Released/updated on: 2006-10-27
Geographic coverage: Palo Alto, United States, Tennessee, Memphis, California, Alabama, Florida, Birmingham, Philadelphia, Pennsylvania, Miami
Time period: 2001-01-01--2004-01-01
Built upon the findings of RESOURCES FOR ENHANCING ALZHEIMER'S CAREGIVER HEALTH, 1996-2001, BASELINE AND FOLLOW-UP DATA [ICPSR 3678], REACH II designed and tested a single multi-component intervention among family caregivers of persons with Alzheimer's disease or related disorders. The overall objectives were (1) to identify and reduce modifiable risk factors among diverse family caregivers of patients with Alzheimer's Disease or a related disorder, (2) to enhance the quality of care provided to the care recipients, and (3) to enhance the well-being of the caregivers.
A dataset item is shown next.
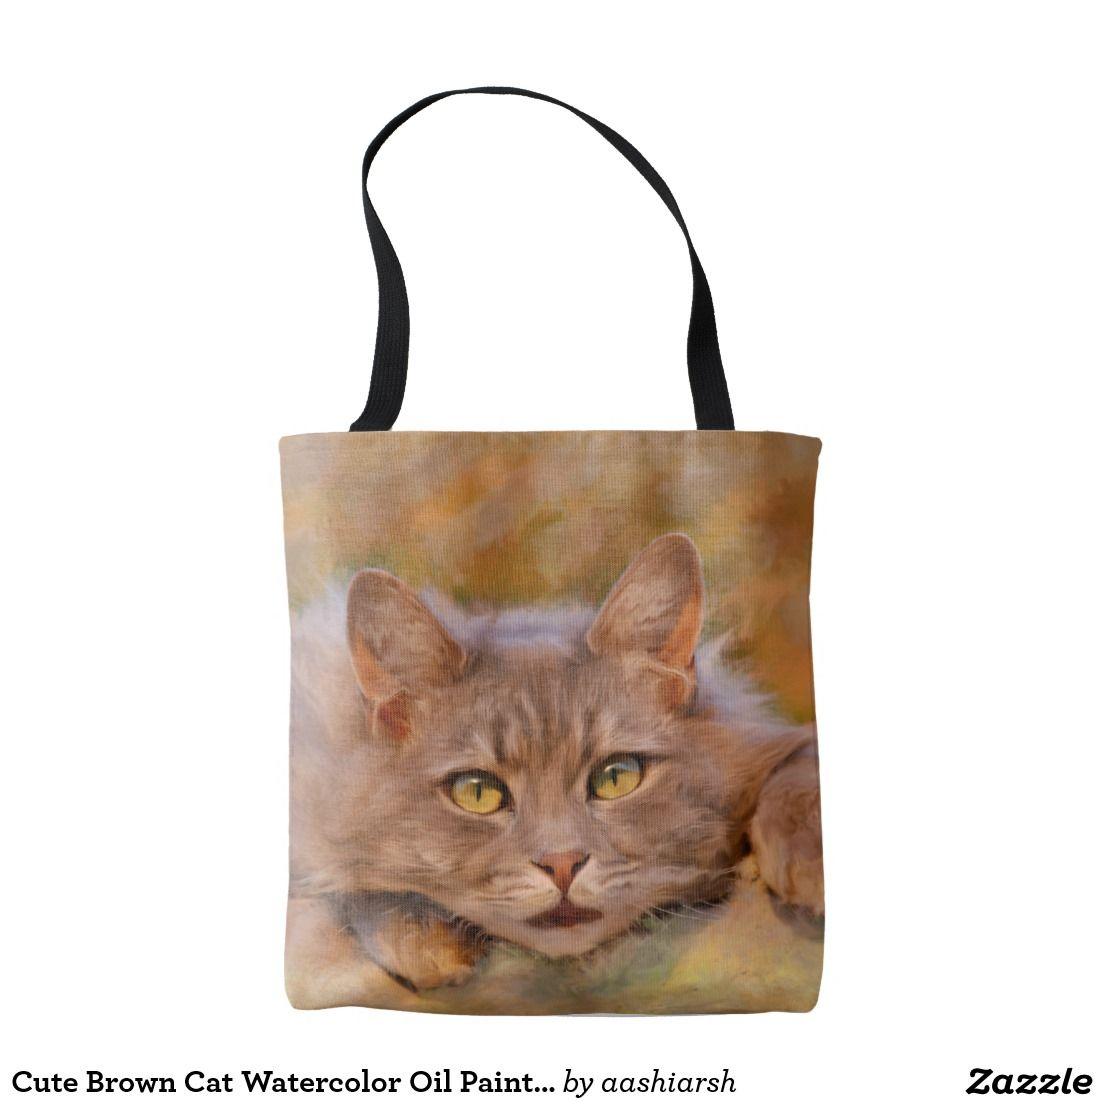 Cute Brown Cat Watercolor Oil Painting Art Tote Bag Kitten Kitty Pet Flowers Tote Tote Bag Colorful Tote Bags

REACH II is the first project to simultaneously test a comprehensive caregiver intervention in three distinct racial/ethnic groups: Hispanic/Latino, Black/African-American, and White/Caucasian. The intervention was based on a risk-appraisal approach in which five areas of risk--depression, burden, self-care, social support, and patient problem behaviors--that are central to caregiver well-being and quality of life were matched to corresponding intervention components. These components included education, skills to manage troublesome care-recipient behaviors, social support, cognitive strategies for reframing negative emotional responses, and strategies for enhancing healthy behaviors and managing stress. Consistent with this approach, the primary outcome was a multivariate quality of life indicator that assessed caregiver depression, burden, self-care, social support, and patient problem behaviors. Two hallmarks of caregiver intervention studies--caregiver clinical depression and patient institutionalization--were assessed as secondary outcomes. The dataset names listed in this collection include the shortened name of the form administered.